▸ **What you will do**: Shown below is a listing with pictures; reproduce exactly, and only, the lines between the ones containing "湘潭九游会国际化工装备技术有限公司" and "S/M 284g Cランク", inclusive, leaving the pictures out.

▸ **Source data**:
################

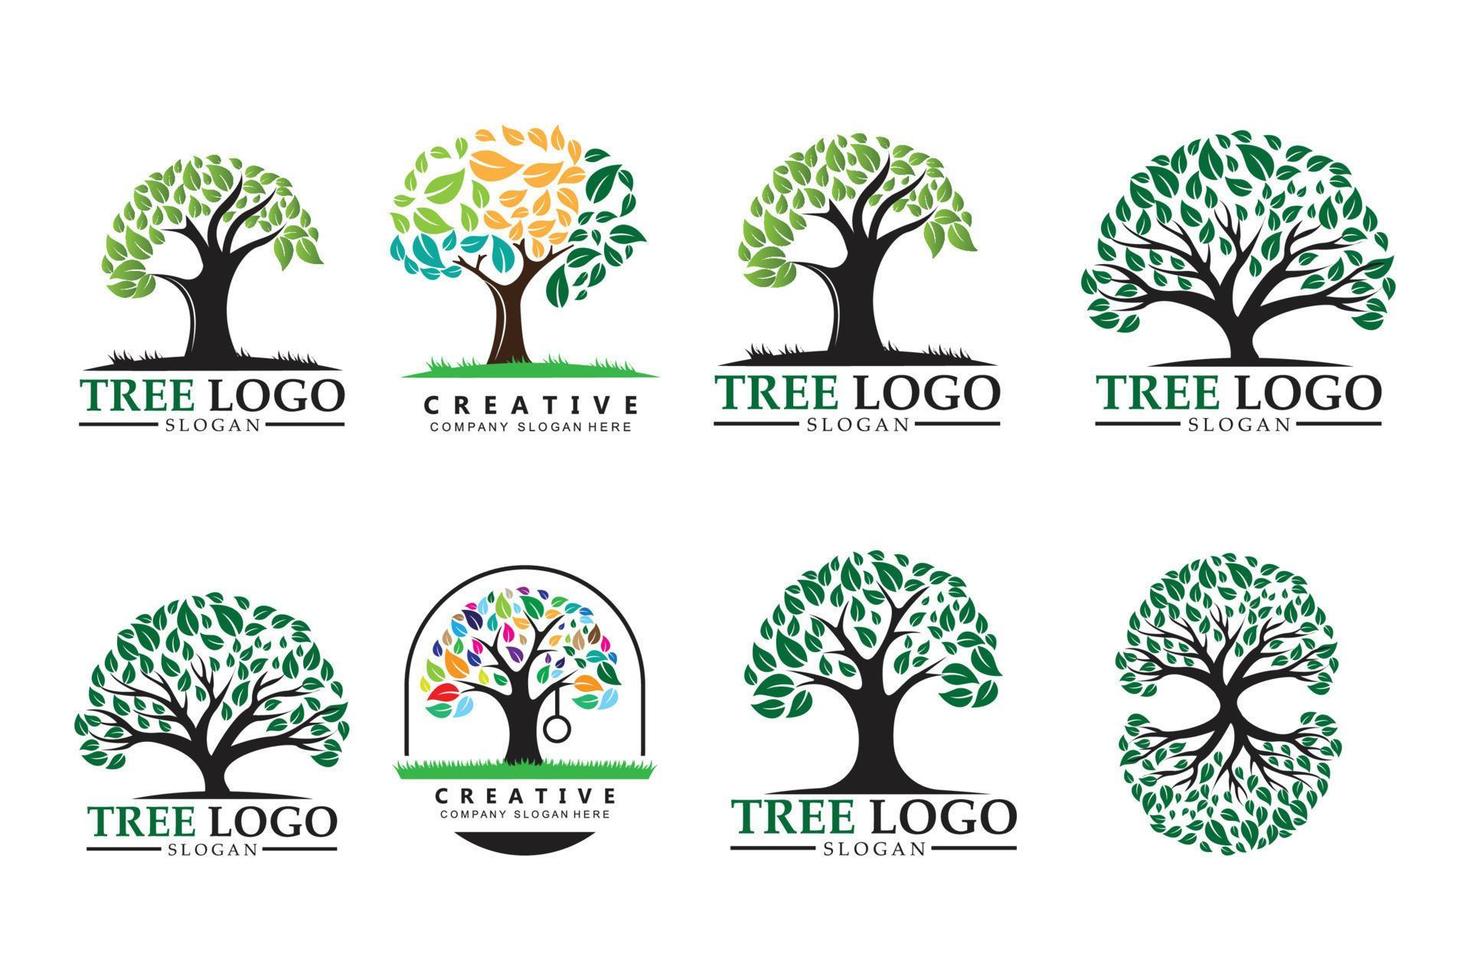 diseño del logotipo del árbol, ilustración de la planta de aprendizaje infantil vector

################

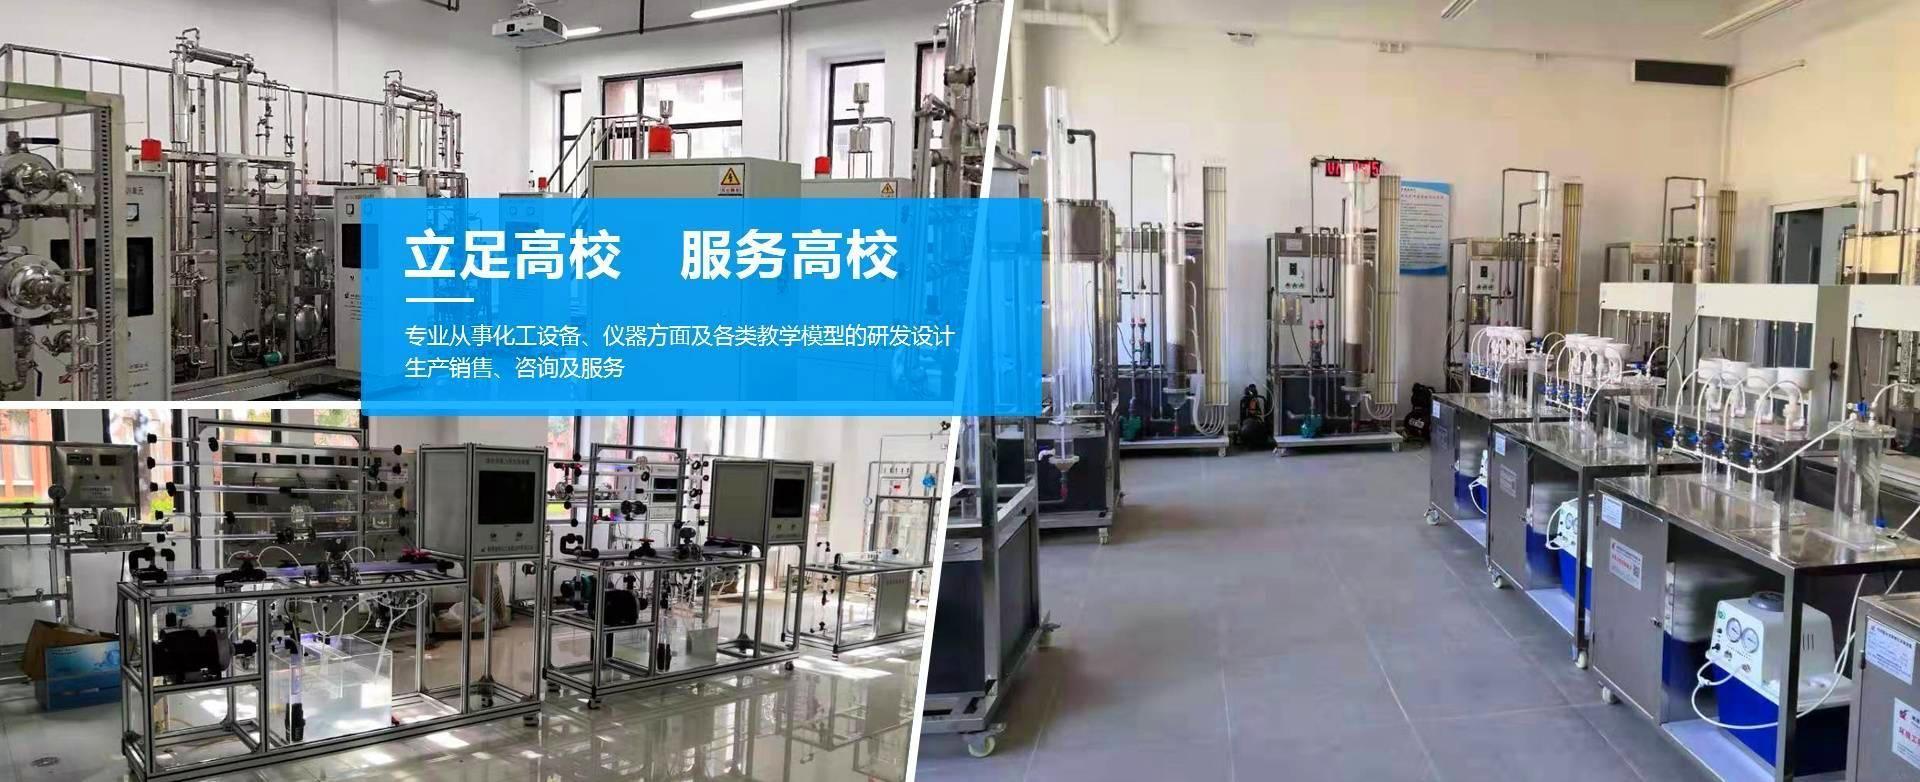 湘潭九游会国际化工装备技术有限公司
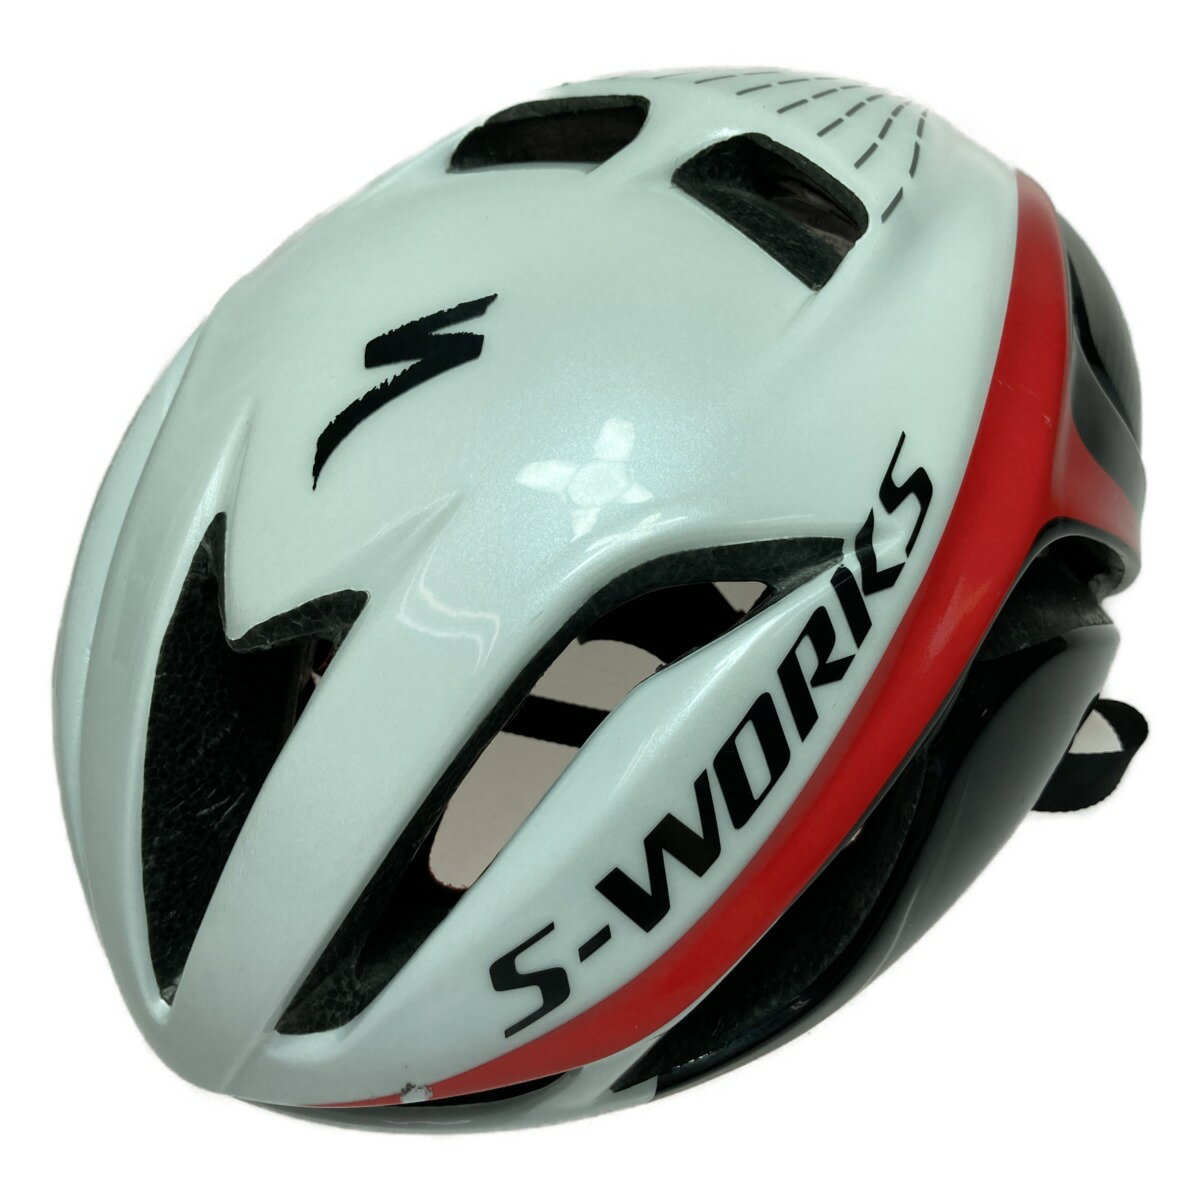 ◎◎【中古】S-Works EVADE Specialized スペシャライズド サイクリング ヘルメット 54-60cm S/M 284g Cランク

################

▸ **Solution to this problem**:
 湘潭九游会国际化工装备技术有限公司
 ◎◎【中古】S-Works EVADE Specialized スペシャライズド サイクリング ヘルメット 54-60cm S/M 284g Cランク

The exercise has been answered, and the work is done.